Objects in SuperCollider (and many other object-oriented languages) are polymorphic. This means that different objects can receive the same message but may respond differently, because they implement different methods for that message. So when you send the same message to different objects, you may get different results.

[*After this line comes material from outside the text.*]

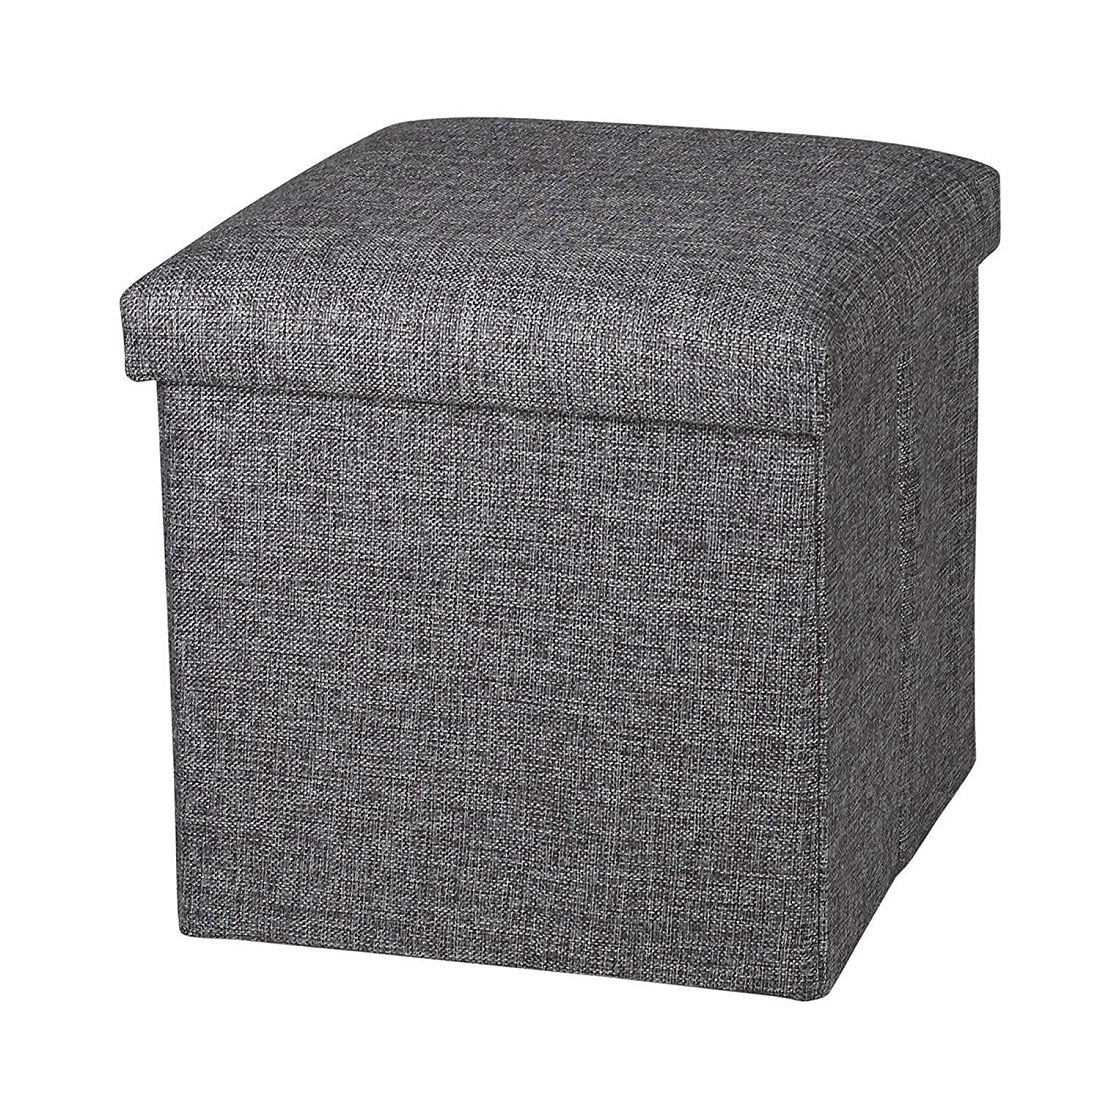     			EIGHTEEN ENTERPRISE Seating & Storage Stool Linen Small Coffee Table | Foot Rest Stool Seat | Folding Toys Chest Collapsible - Grey.

An example for polymorphism (check carefully to get it completly):
(
f = { arg a;
a.value + 3 // call "value" on a; polymorphism awaits!
};
)
f.value(3); // a.value is 3, so this returns 3 + 3 = 6
g = { 3.0.rand };
f.value(g); // here the arg is a Function. a.value evaluates 3.0.rand
f.value(g); // try it again, different result
Syntax Shortcuts
There a few shorthand forms or alternate syntaxes for doing things withing SuperCollider. E.g. :
// this
{ Mix.new([SinOsc.ar(440, 0, 0.2), Saw.ar(660, 0.2)]).postln }.play;
// and this
{ Mix([SinOsc.ar(440, 0, 0.2), Saw.ar(660, 0.2)]).postln }.play;
// are equivalent
You can also switch between Functional and receiver notation:
{ SinOsc.ar(440, 0, 0.2) }.play;
play({ SinOsc.ar(440, 0, 0.2) });
Collections and Arrays
An Array is a type of a Collection, which is (surpise!) a collection of Objects. Collections are Objects themselves, and most types of Collections can hold any types of objects, mixed together, including other Collections.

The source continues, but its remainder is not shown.